Официант нагнул голову.

– От Станислава Сергеевича, – доложил он. – Вы голодны, товарищ Президент!

Когда приближался запой, Ельцин ненавидел всех. И все знали: если Ельцин «развязал», он пьет как кучер.

Не сговариваясь, Коржаков и Бурбулис взглянули на часы. Между первым и вторым стаканом проходило примерно восемь – двенадцать минут. Потом Ельцин окончательно «впадал в прелесть», как говорил Бурбулис. Все «нерешаемые» вопросы (особенно все «криминальные» просьбы о приватизации или акционированию разных – всяких объектов, то есть личный бизнес) можно было решить с Ельциным примерно на двадцатой минуте, когда он, ничего не соображая, подписывал бумагу («ш-шоб отвязались, понимашь!») – и – все… гуляй рванина!

Илюшин, когда мог, перехватывал эти бумаги. Не давал им превратиться в указ.

А наутро протягивал Президенту:

– Вы тут вчера подписали…

Писатель-сатирик Михаил Задорнов, вечно нуждавшийся, как все мастера эстрады, в деньгах, приставал к Борису Николаевичу на каждом турнире по теннису (они обычно играли в паре). У него идея: срочно создать Фонд помощи русским в Прибалтике.

Русским надо помогать!

Ельцин не возражал. А потом, с подачи Бурбулиса, выделил в Москве (тот самый случай: 20-я минута) специальное здание: Театральная площадь, дом 1.

Илюшин обомлел: Центральный детский театр, что ли? Или Большой?

Нет – отель «Метрополь».

Бумагу остановили, иначе был бы чудовищный скандал. Коржаков сделал вид, что он простил Борису Николаевичу день рождения его супруги («лучше бы изнасиловал…» – жаловалась Ирина). Взамен Коржаков получил гигантские деньги: Ельцин освободил Национальный фонд спорта от всех акцизов и пошлин.
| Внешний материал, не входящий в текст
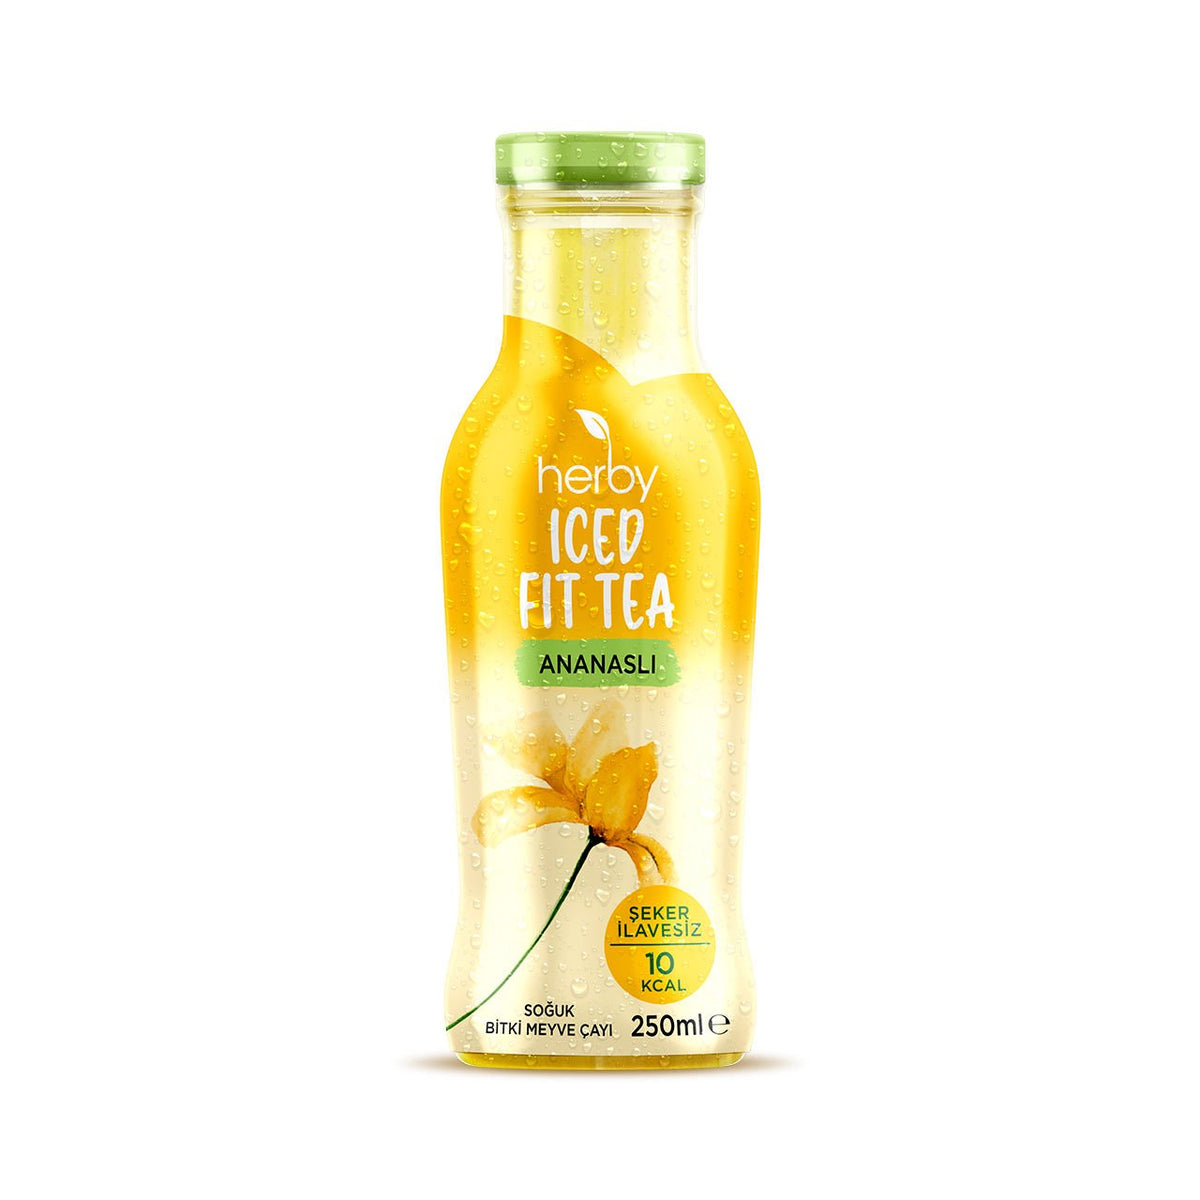 Herby Iced Fit Tea Ananaslı 250 ml
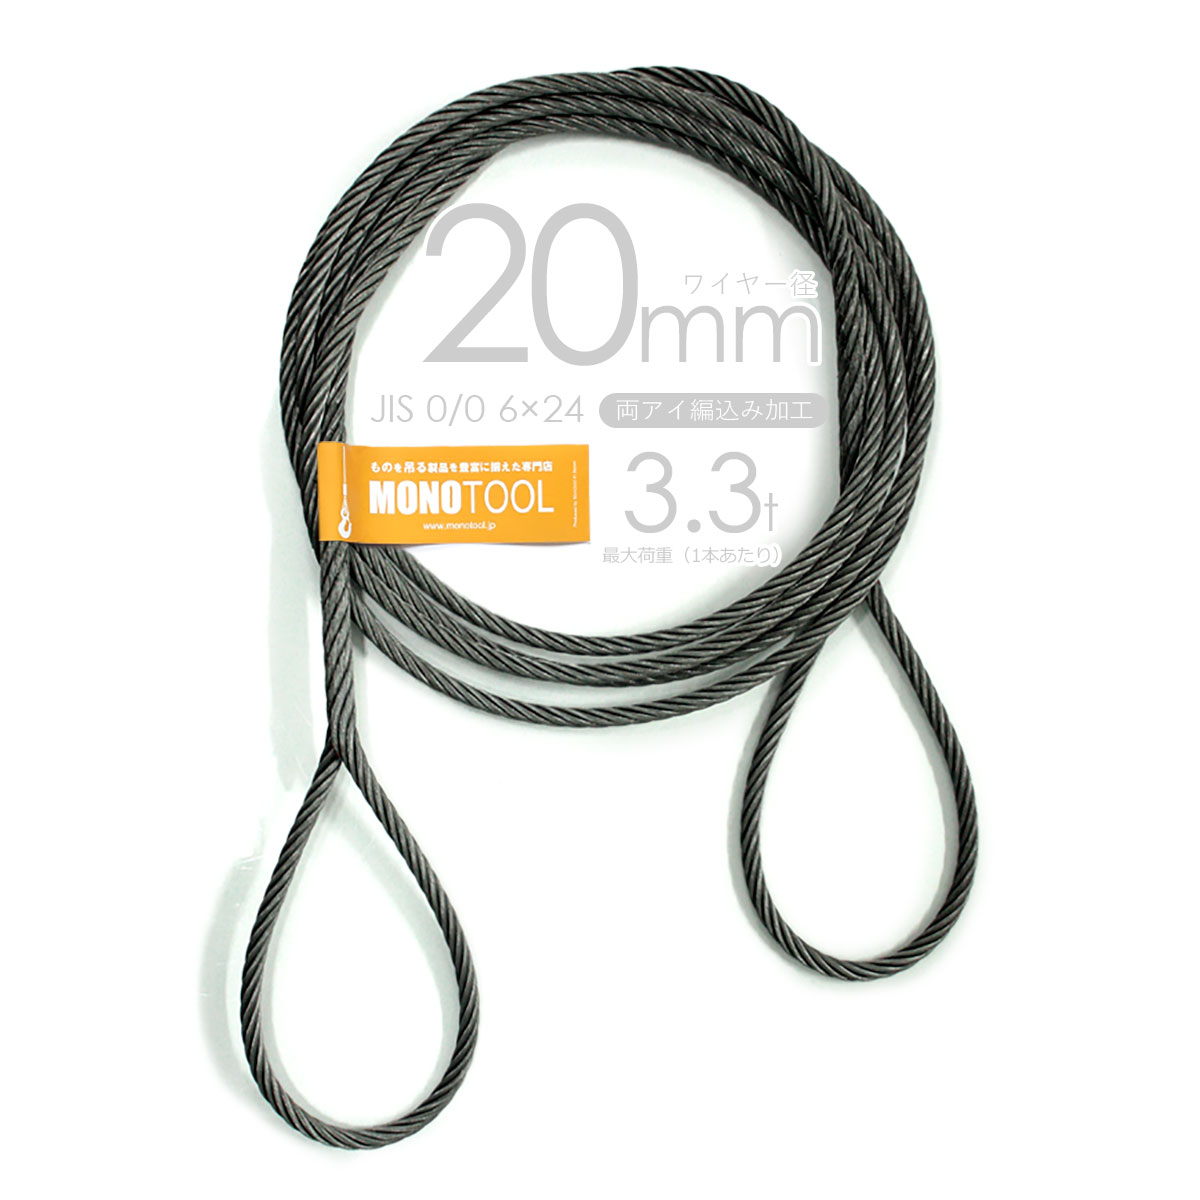 編み込み・フレミッシュ加工 JIS黒(O/O) 20mm(6.5分) 玉掛ワイヤロープ

В Молоково, на своей родине, близ Можайска, Коржаков строит (для себя и для мамы) имение.

Кто знает, какой она будет, его старость?

Хватит мучиться,
Пора ссучиться… 

— вопили сейчас московские рестораны. И еще:

Ты балдей, моя душа,
Жизнь блатная хороша…

Если Борис Николаевич хочет выпить, он обязательно выпьет. В поездках Ельцину всегда очень хотелось выпить. И не в поездках – тоже, но особенно – в поездках!
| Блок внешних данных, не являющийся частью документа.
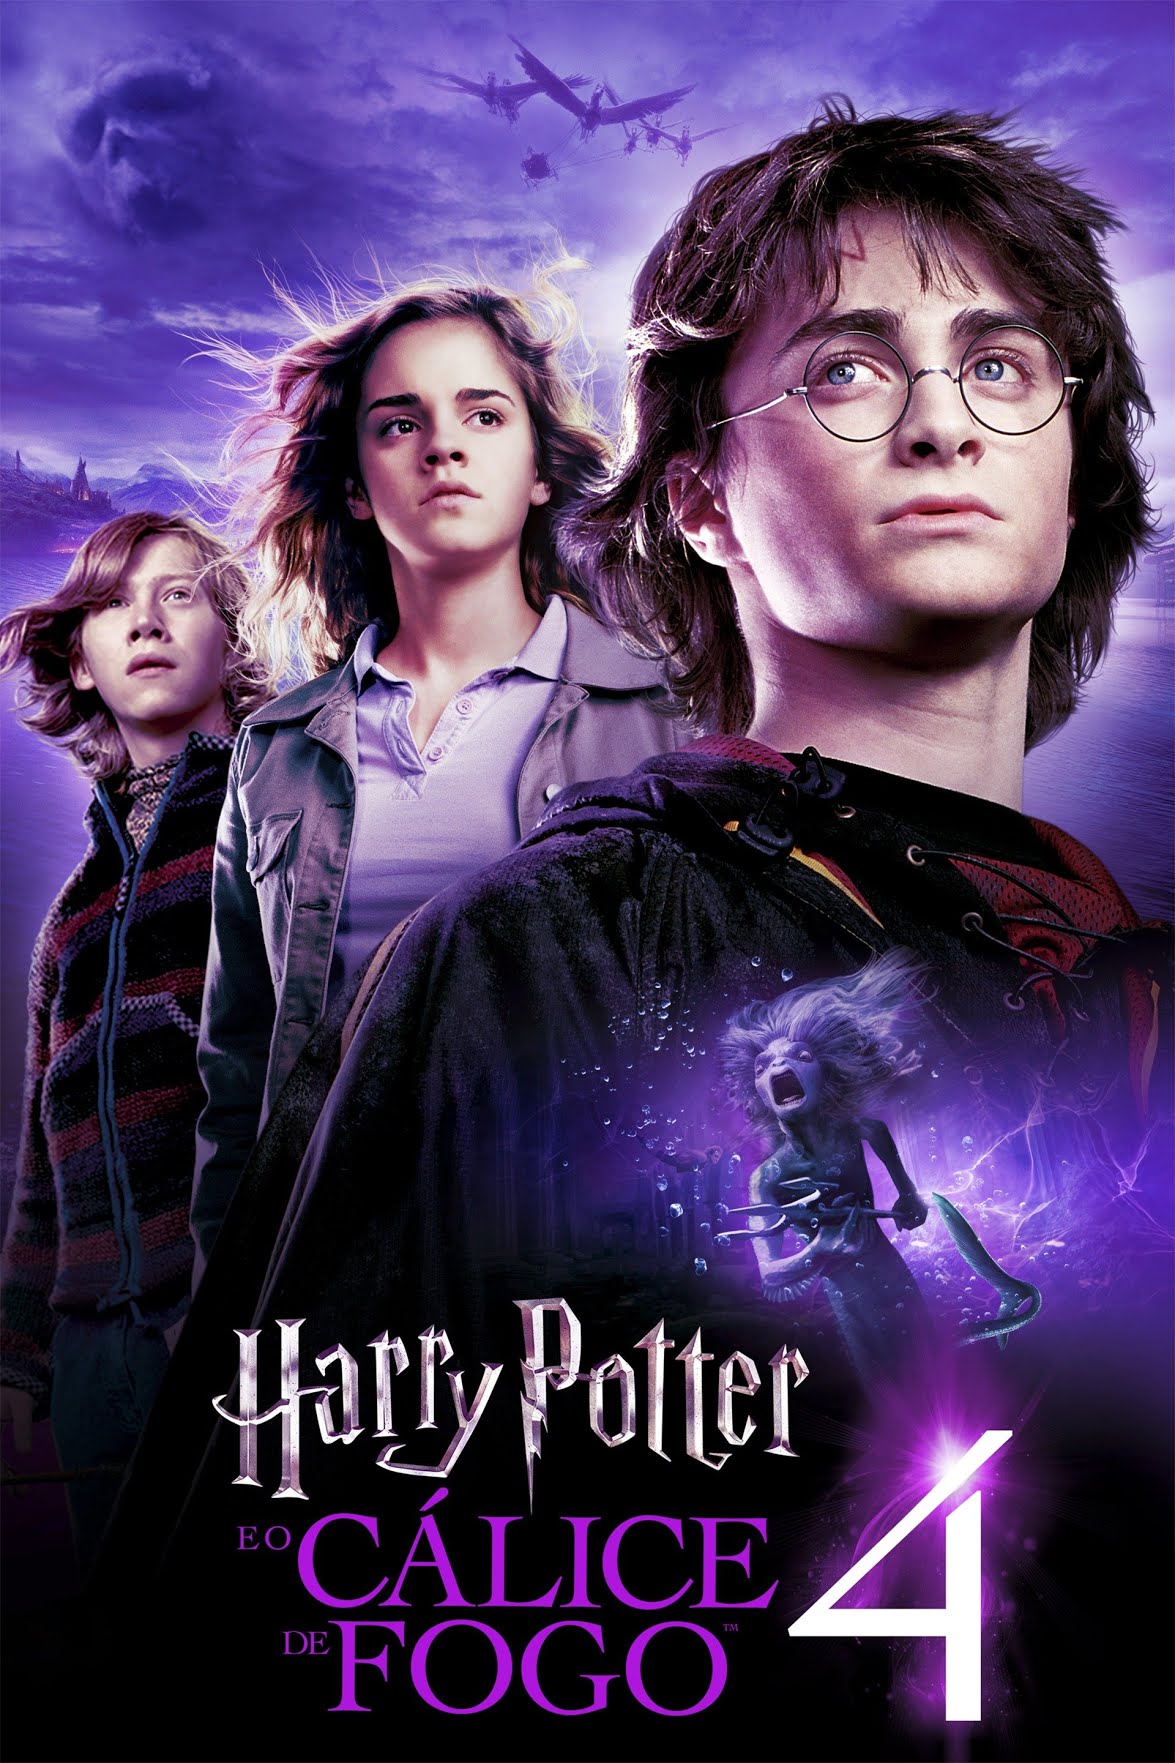 Harry Potter e o cálice de fogo (NOVO) - Livro 4 - J. K. Rowling

Старая (еще обкомовская) привычка к командировкам. Вырвавшись из дома, от Наины Иосифовны, Ельцин всегда отрывался.

Все понимали: водка – это разрядка, без водки не прожить. Никакие нервы не выдержат, даже стальные!

Был при Сталине заместитель наркома угольной промышленности: Александр Засядько. «Вождю народов» все уши прожужжали о его пьянстве. Перед тем как выгнать (пьяница!) Засядько с работы, Сталин пригласил его к себе. На обед.
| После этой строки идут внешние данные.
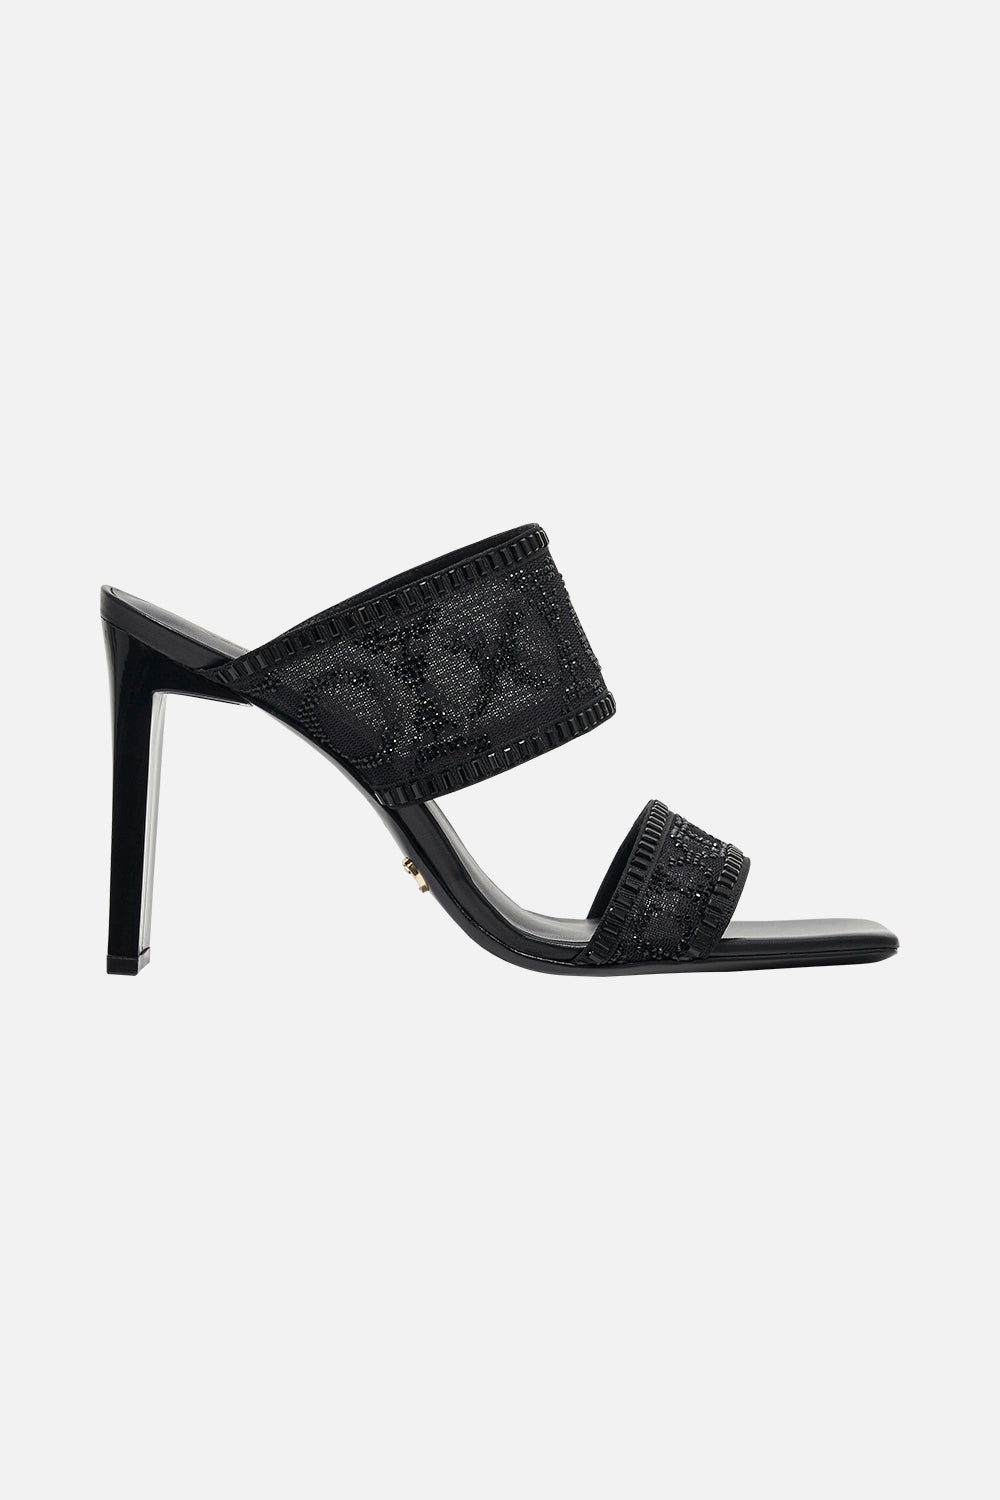 Alexia Slim Block Heel Mule Solid Black print by CAMILLA

Сталин пил «Хванчкару». Засядько залпом принял два стакана водки. От третьего отказался: «Мне достаточно…»

Сталин тут же вызвал к себе Берию:

– Засядько пьет, но меру знает.

Герой Социалистического Труда. Александр Федорович Засядько поднялся – через годы – до должности заместителя Председателя Совета министров СССР*.

Официант «от Станислава Сергеевича» поставил «Мартель» на стол – и незаметно вышел.

Какой приятный запах! Бутылка была без пробки, и запах манил…

Пытаясь остановить себя, Ельцин схватился за бока и всадил в них все свои пальцы.

«Не пить, не пить, не пить… – говорил себе Ельцин. – Не пить! Потом, потом… выпью, опоз-зорюсь ведь… па-а-том, лучше па-а-том!..»

Его волосы растрепались, а белая заношенная майка болталась на нем, как рубище. Ельцин вдруг почувствовал, что задыхается. Он резко облокотился на стену, нечаянно толкнул кулаком дверь и вывалился в коридор.

За дверью стоял Андрей Козырев. Увидев мятого, грязного Ельцина, Козырев обомлел:

– Доброе утро, Борис Николаевич…

У Ельцина были такие глаза, будто он только что сошел с ума. Не узнав Козырева, он громко икнул и отскочил обратно в комнату, захлопнув дверь.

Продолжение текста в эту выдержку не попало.